3.1 ︳Clinical characteristics of patients with pre-BLL
Among all the patients with BCP-ALL diagnosed in SCMC from January 2001
to December 2020, nine were identified to carry c-MYC rearrangement. Two
of the nine patients were ≥ 10 years old (22%), while the other seven
were < 10 years old (78%), with a mean age of 6.8 years
(1.5-12.8), close to the average onset age of pre-BLL of 6.1
years7. And there were 4 male children (44%) and 5
female children (56%). Alongside a mature B-cell immunophenotype,
patients with BL usually have FAB-L3 morphology, and bulky disease,
elevated LDH and UA, at the high risk of tumor lysis8.
Cytomorphologic features showed that three of nine patients had FAB-L3
morphology (3/9), four of nine patients had FAB-L2 morphology (4/9), and
the other two are not classifiable (2/9). Immunophenotypically, leukemia
blasts were uniformly stained for CD10 (9/9), CD19 (9/9) and HLA-DR
(9/9). The expression of TdT (6/9), CD34 (1/9), CD20 (3/9) and cμ (1/9)
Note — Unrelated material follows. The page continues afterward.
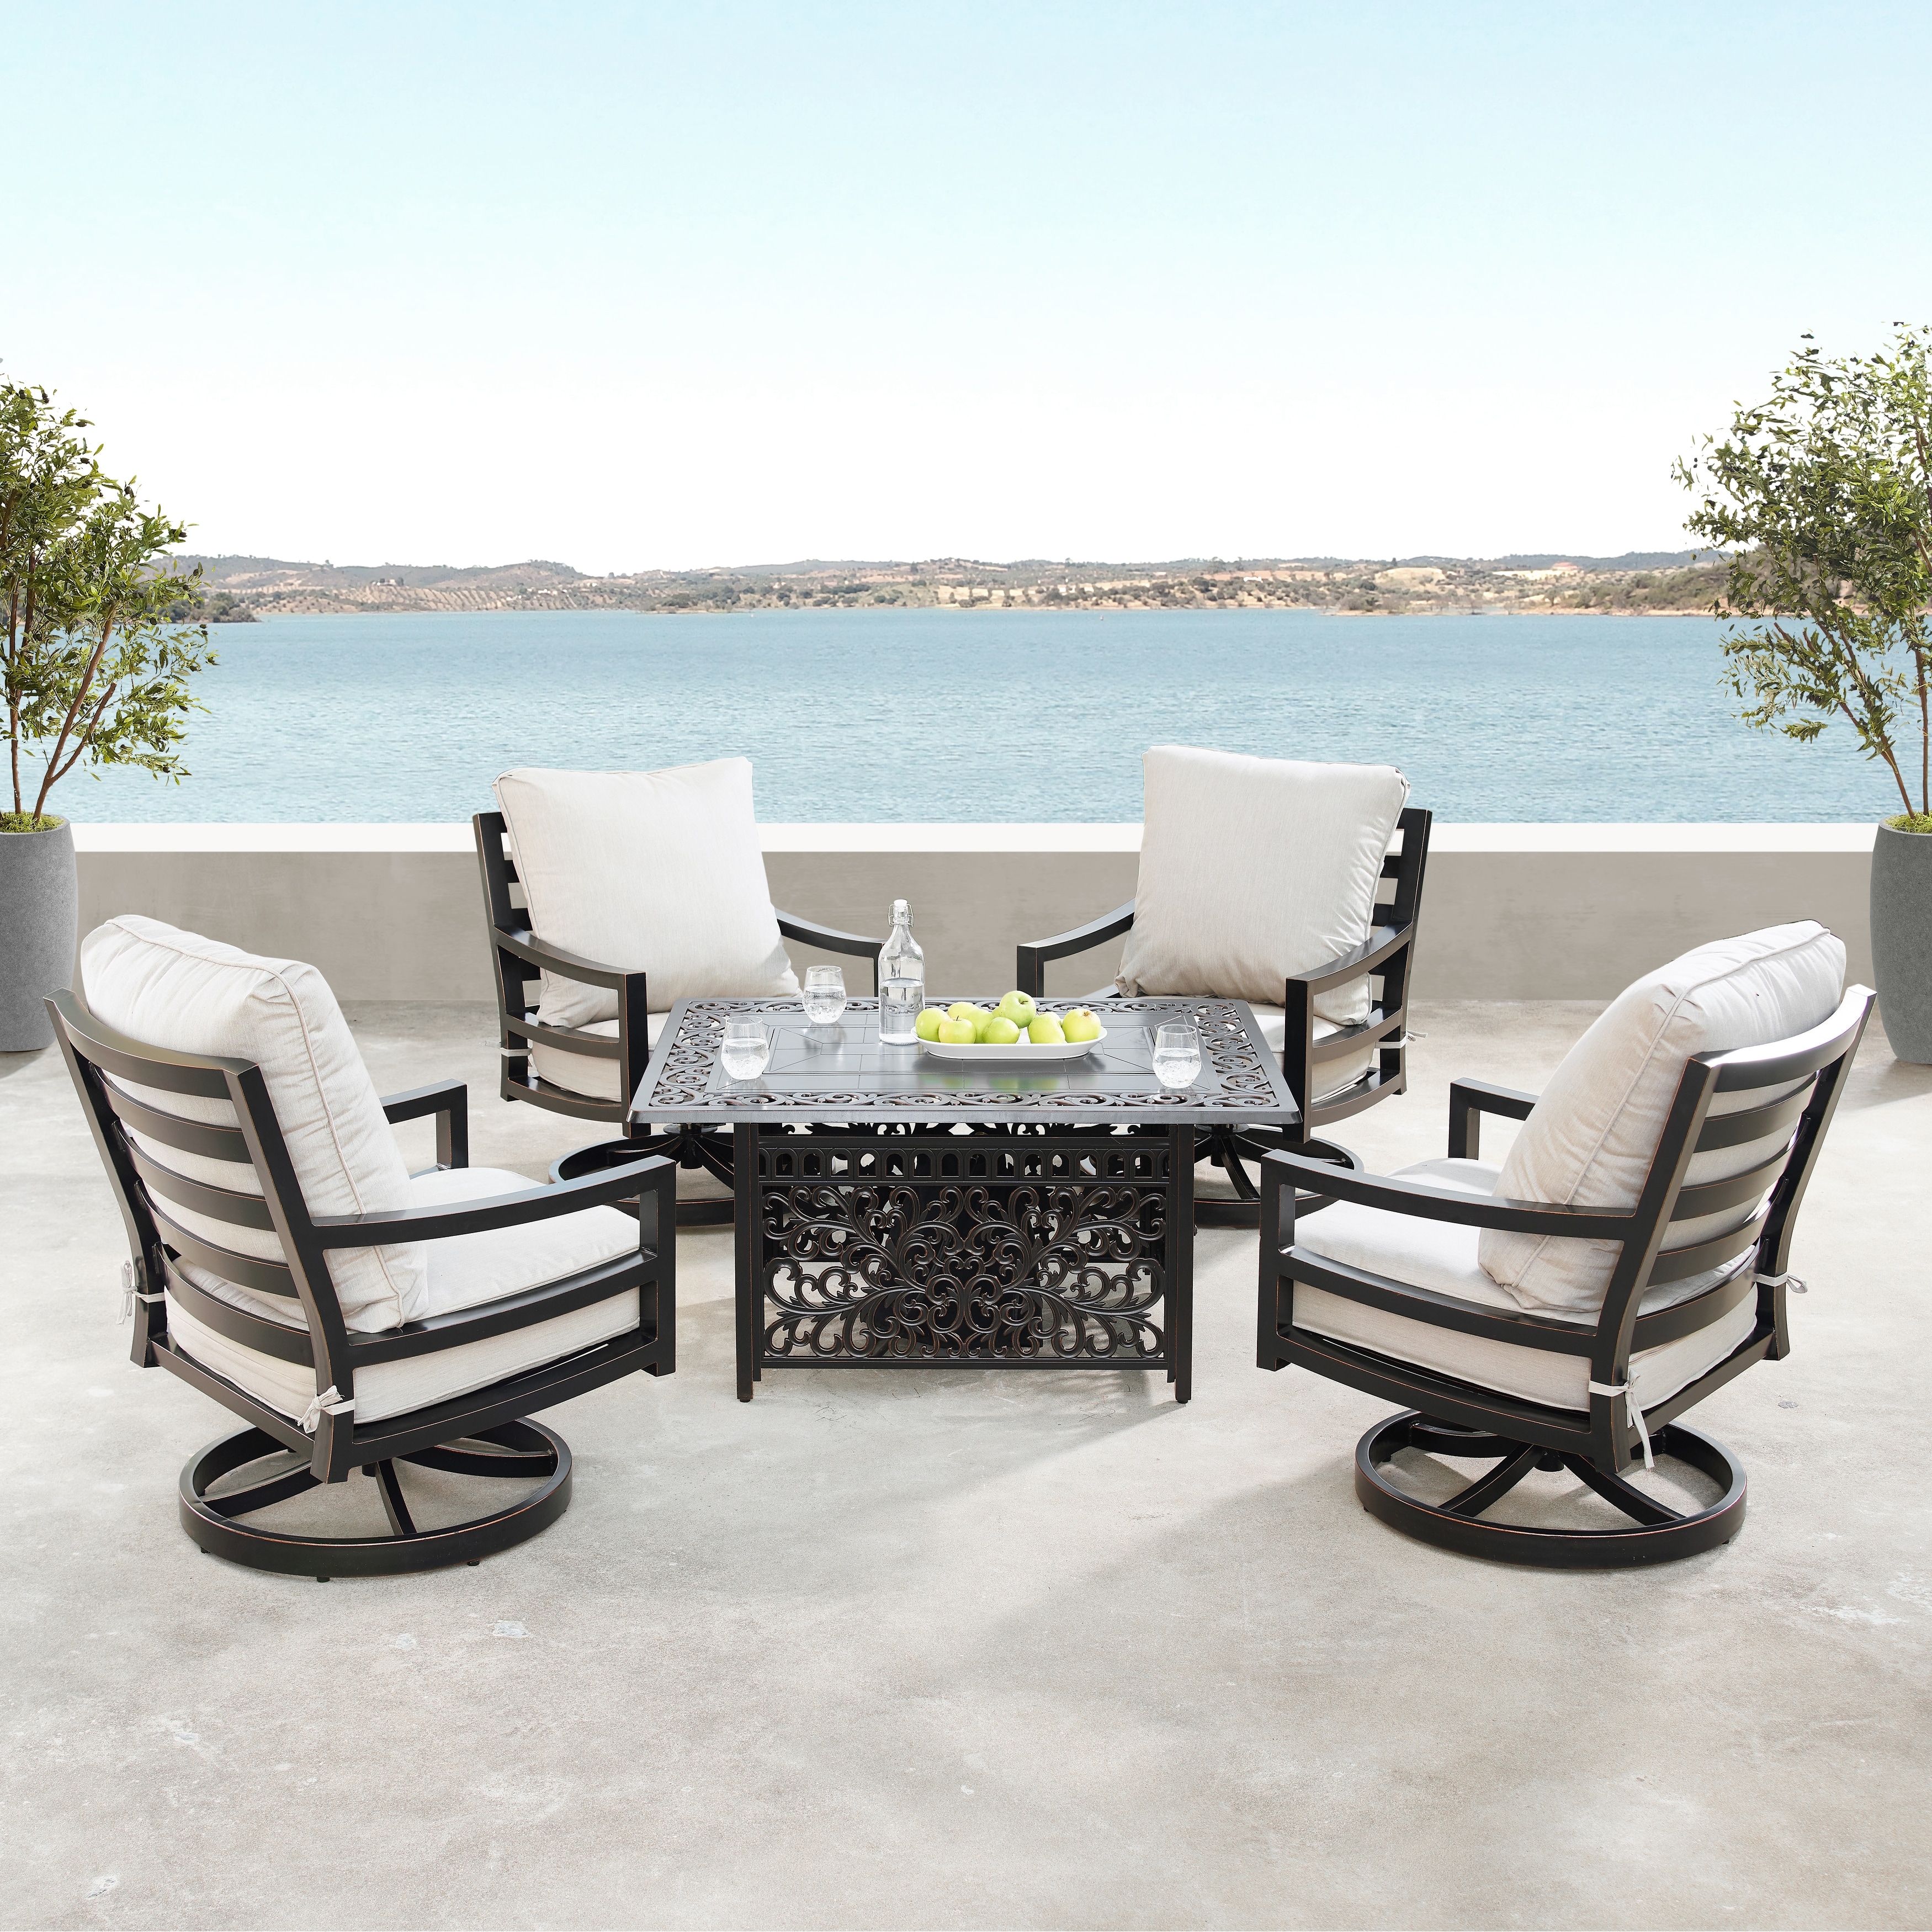 Aluminum 48in Fire Table Set With Four Swivel Rockers and Accessories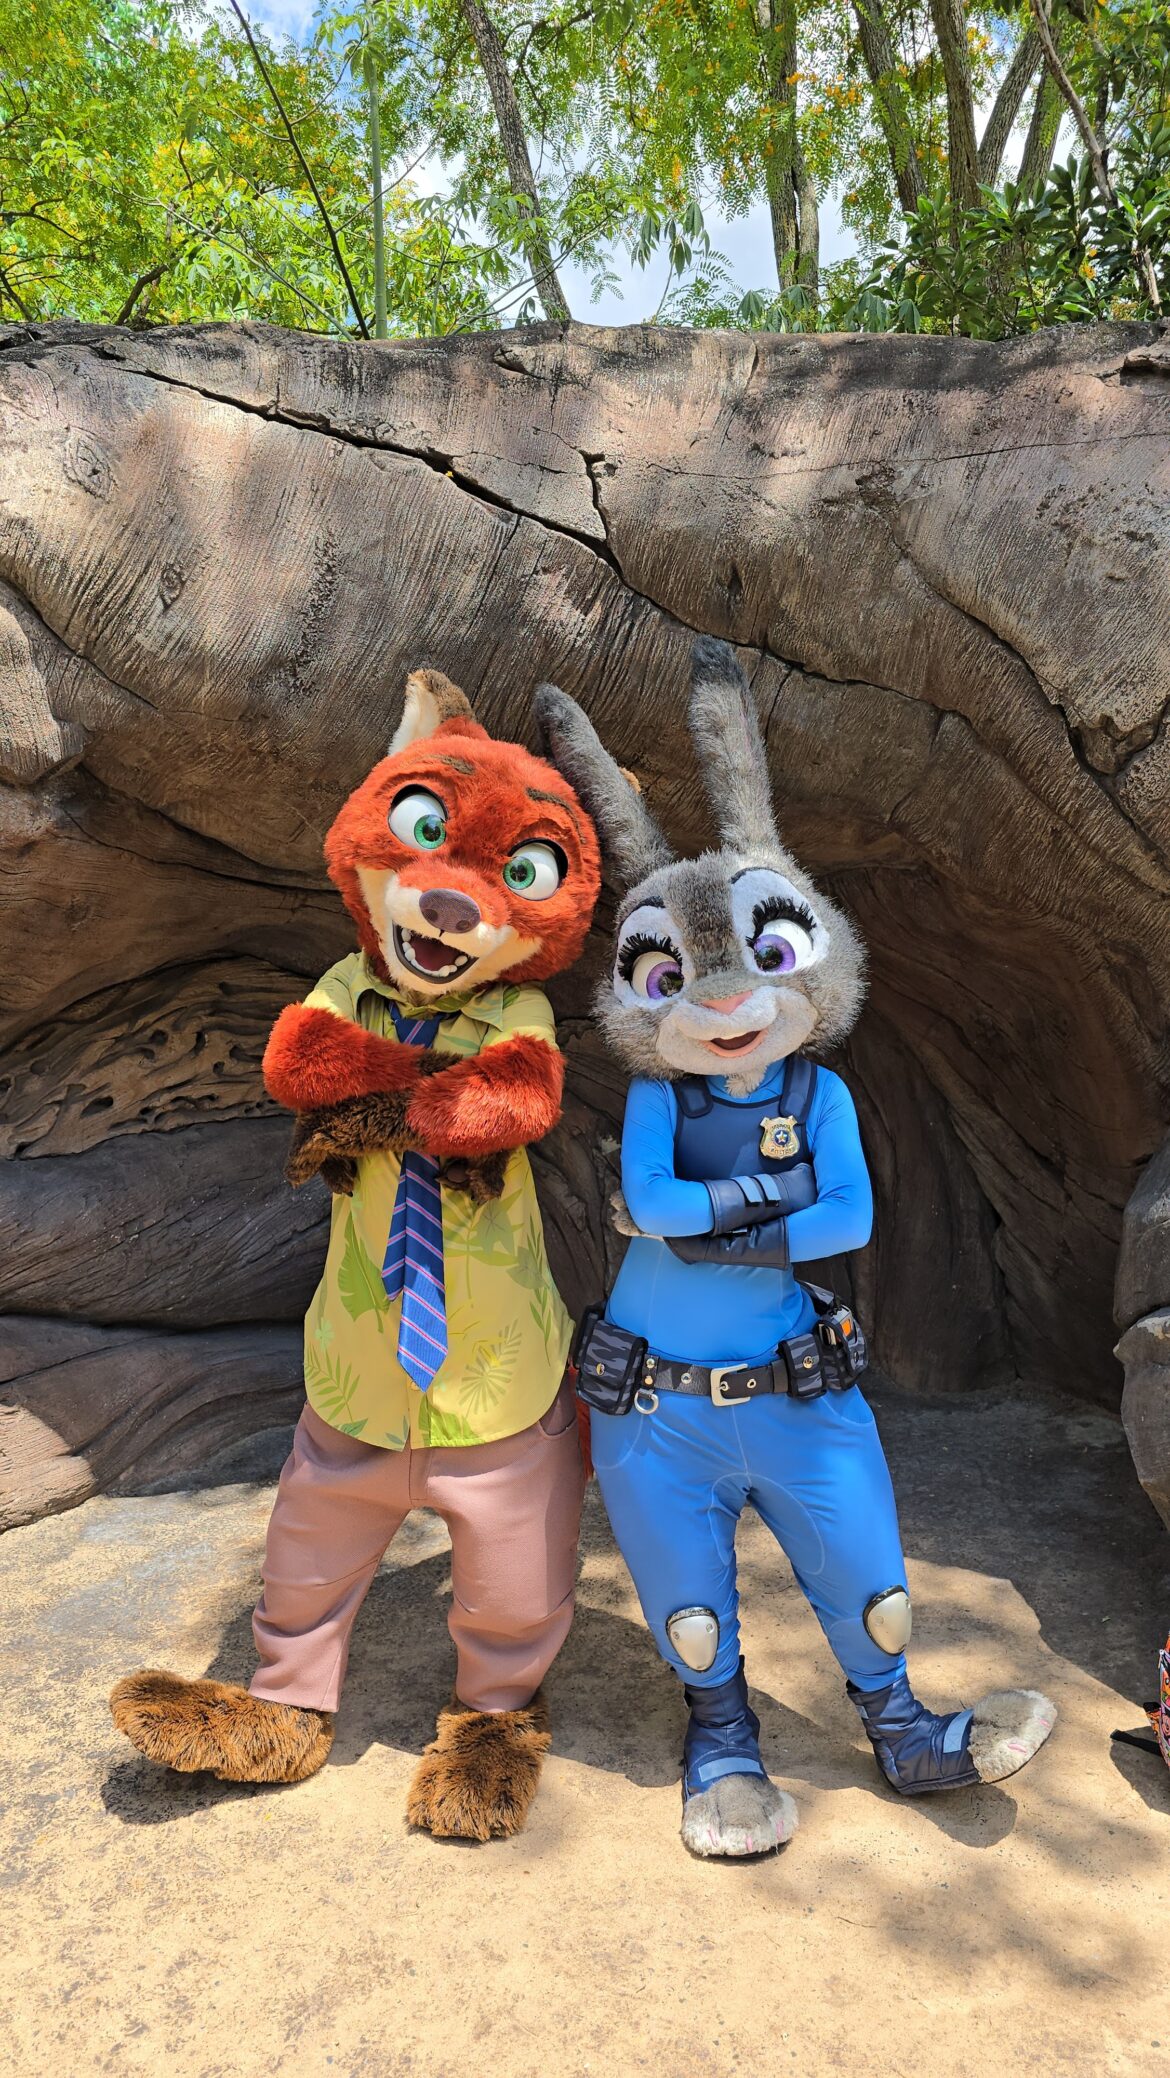 Rare Characters Appearing at Disney’s Animal Kingdom for Earth Day

was variable. All the patients lacked the expression of sIgM and
negative for kappa/lambda. The white blood cell counts at diagnosis were
variable (mean 44,009/mm3; range
710-199,450/mm3). All but one patient had markedly
increased serum LDH three times higher than baseline. One of nine
patients had bulky disease (1/9). Liver and/or spleen (5/9) and lymph
nodes (5/9) were frequently affected. Two patients had central nervous
system (CNS) involved (2/9). In addition, one patient had other organs
involved, including kidney, pancreas and intestinal wall. The patient
with kidney involved was accompanied by renal failure and continuous
renal replacement therapy (CRRT) was used at the initial stage of
chemotherapy. Tumor lysis syndrome was encountered in induction
chemotherapy by two patients, and were corrected soon (Table 1).